*DATASET SECTION*:
= = = =
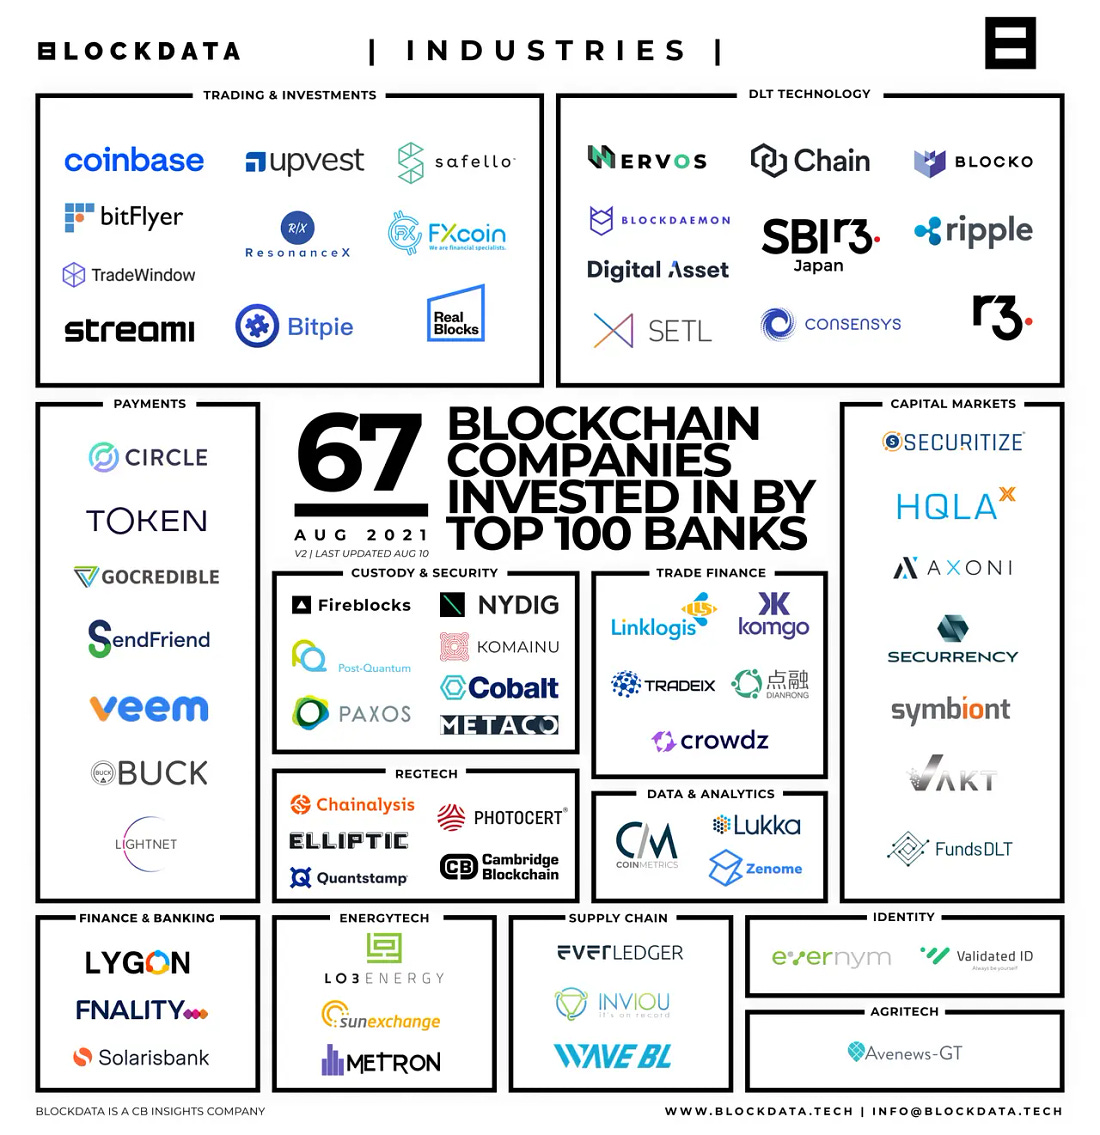 Blockchain companies invested in by top 100 banks
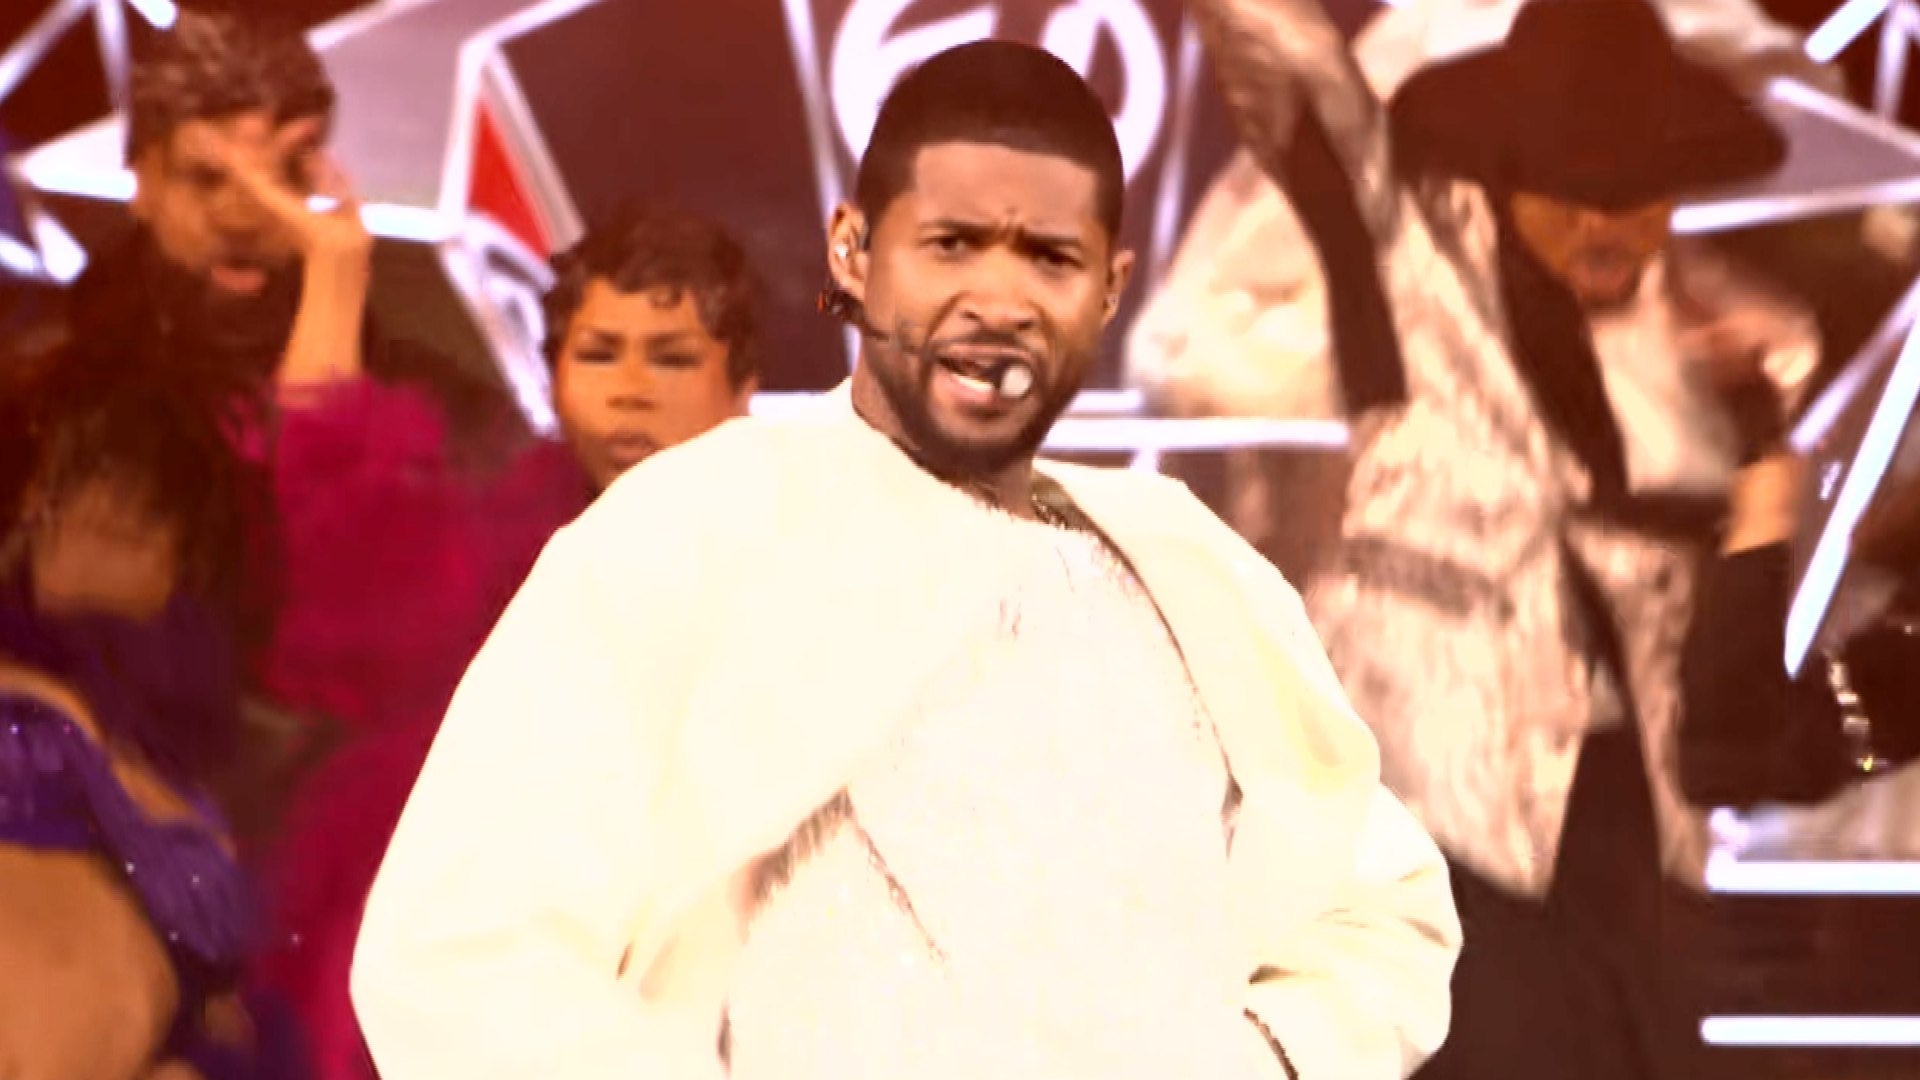 Usher Kicks Off Super Bowl Halftime Show With ‘Caught Up’ Performance
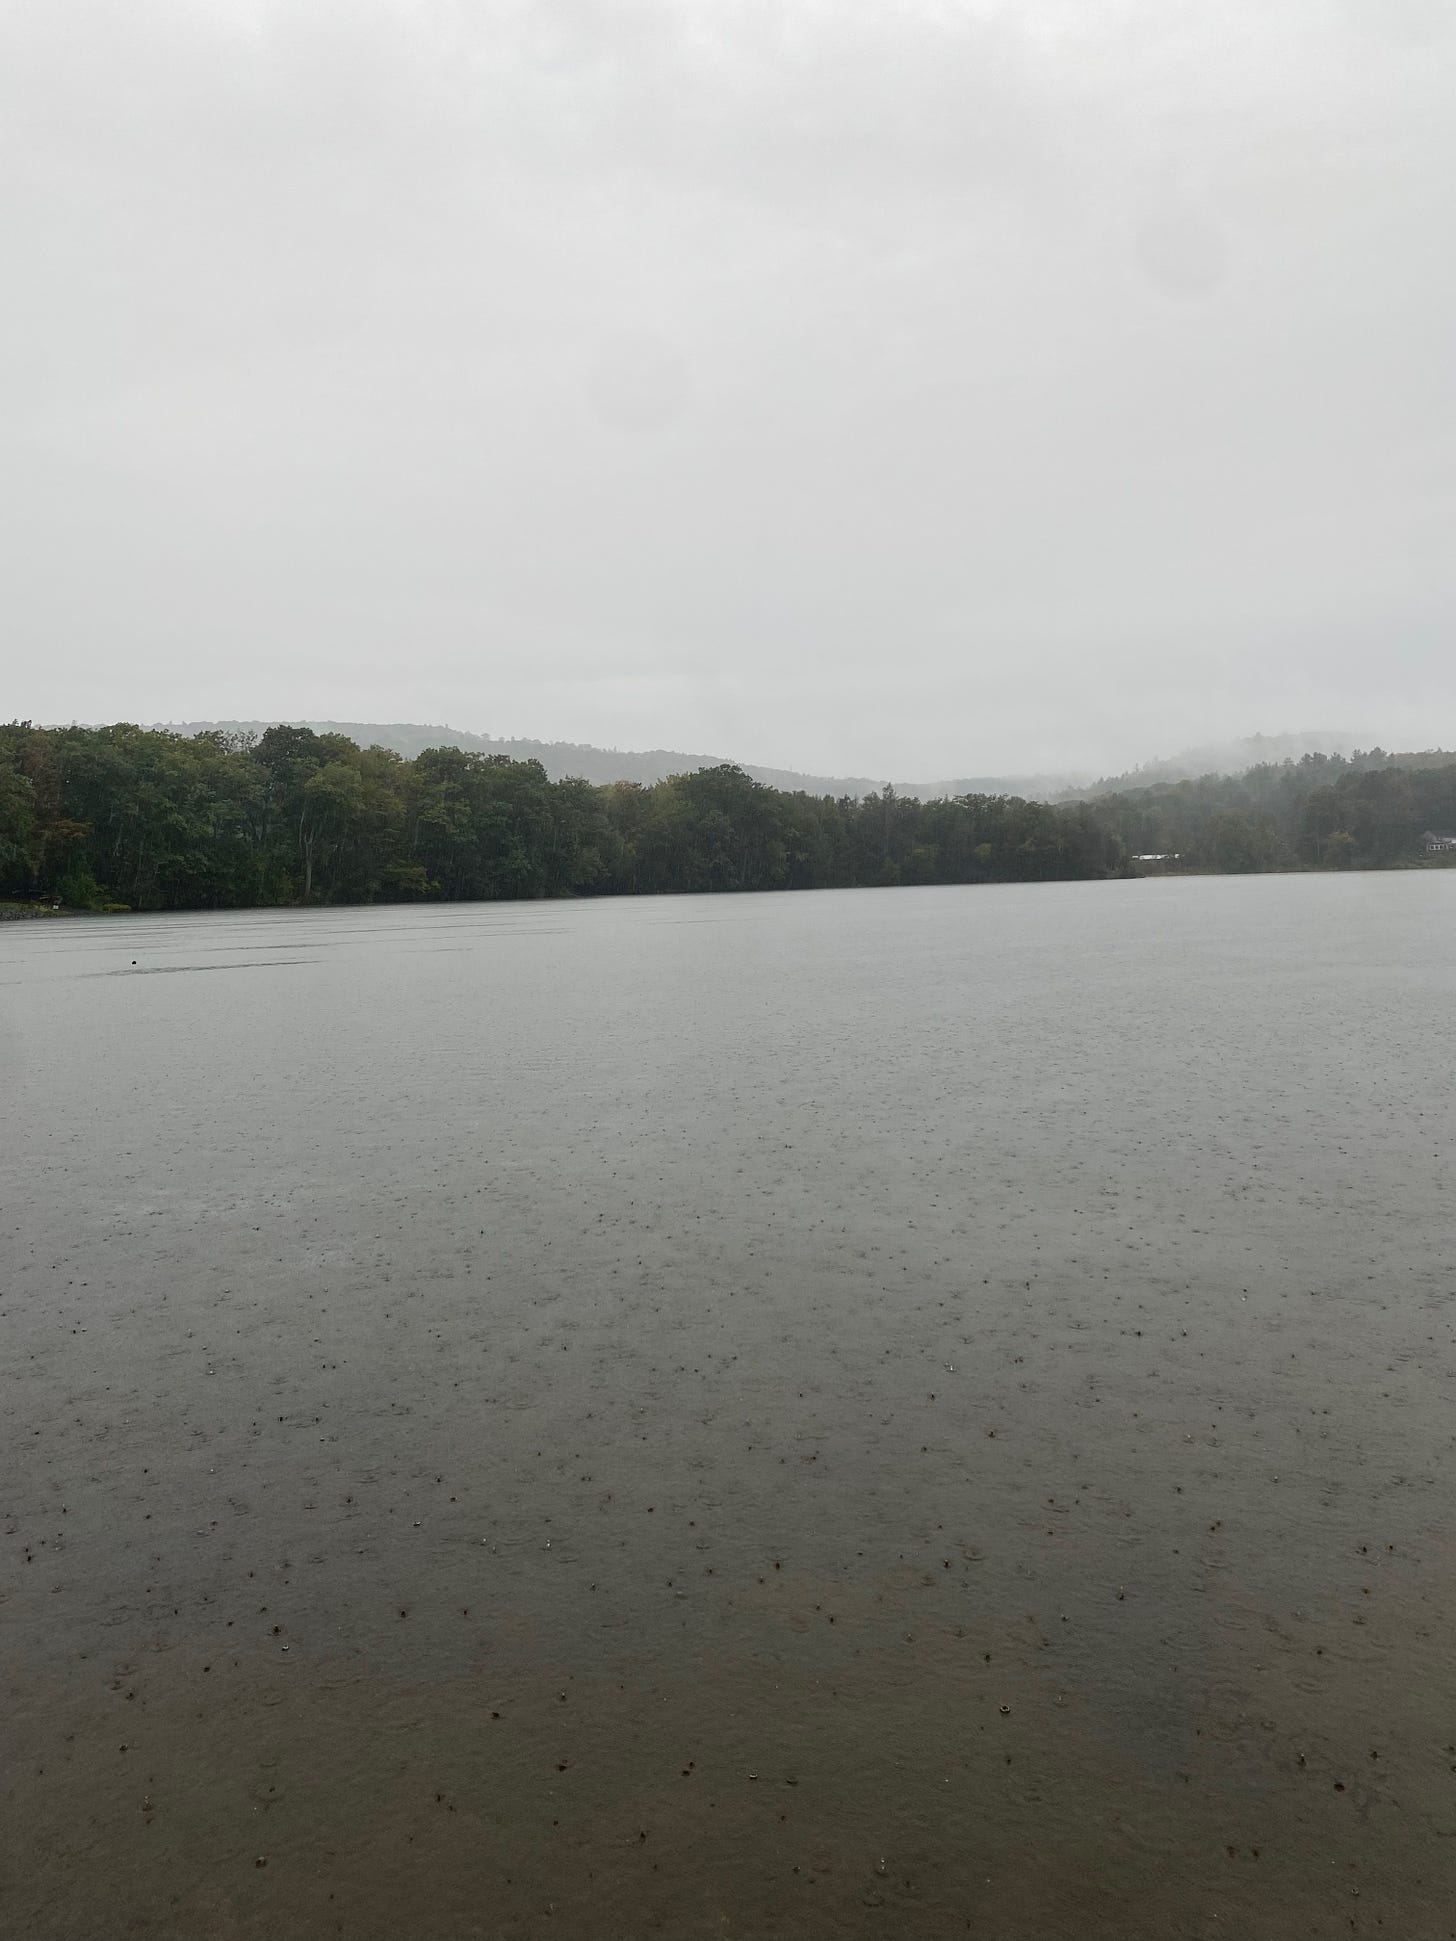 Ashfield Lake on a grey, rainy day, little droplets hitting the smooth surface of the water.
= = = =
With the pictures removed, return the data above word for word.

 Blockchain companies invested in by top 100 banks
 Usher Kicks Off Super Bowl Halftime Show With ‘Caught Up’ Performance
 Ashfield Lake on a grey, rainy day, little droplets hitting the smooth surface of the water.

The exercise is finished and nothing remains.